[sempre de acordo com a antiga ortografia]

sexta-feira, 4 de dezembro de 2009


Fernando Castelo - Sintra

Viseu,
exemplo para Sintra

No passado dia 10 de Novembro, o Diário de Notícias dava à estampa uma notícia sobre o funcionamento do funicular de Viseu, com utilização gratuita e que, em cerca de três semanas, transportou à volta de sete (7) mil pessoas. Segundo a notícia, aumentou a afluência ao centro histórico, o comércio passou a contar com mais clientela e os visitantes permaneceram mais tempo, enquanto que as viaturas ficaram lá longe arrumadinhas.

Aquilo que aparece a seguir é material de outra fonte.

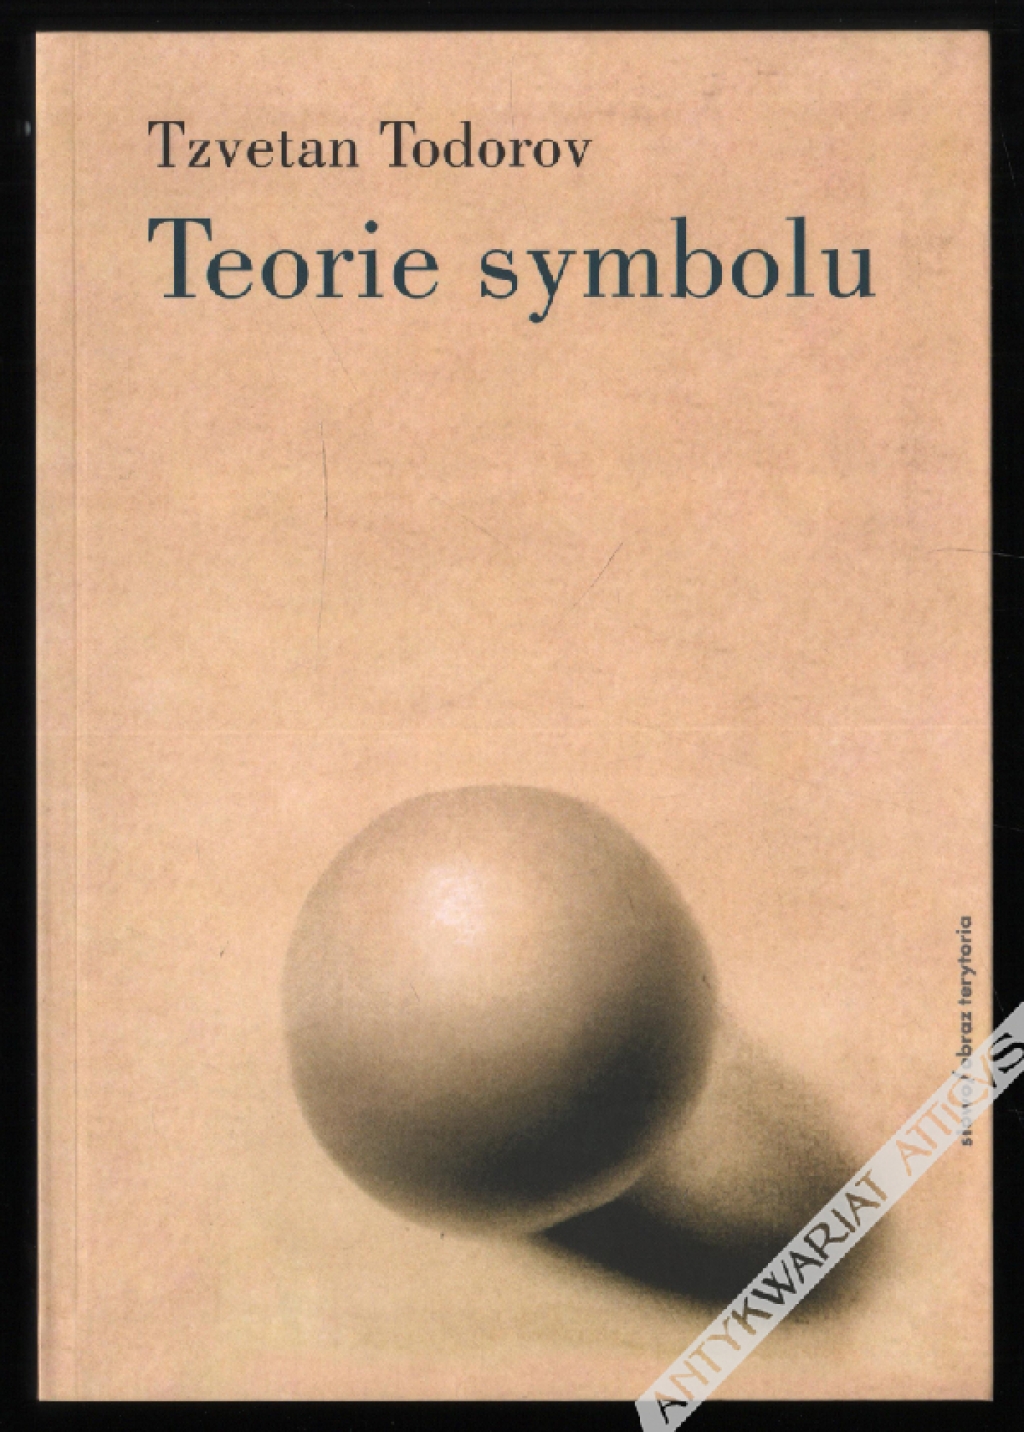 Teorie symbolu

Claro que por lá, tal como cá, também existiram resistências de pacotilha, com críticas que acabam de ser desmistificadas. Um alfarrabista com loja aberta no centro histórico (de seu nome Rui Macário) reconhece vantagens nas medidas tomadas pela Câmara Municipal de Viseu, pois “já se vêem mais pessoas”, dizendo que caberá aos viseenses “aproveitar e ganhar este hábito de vir à cidade velha”.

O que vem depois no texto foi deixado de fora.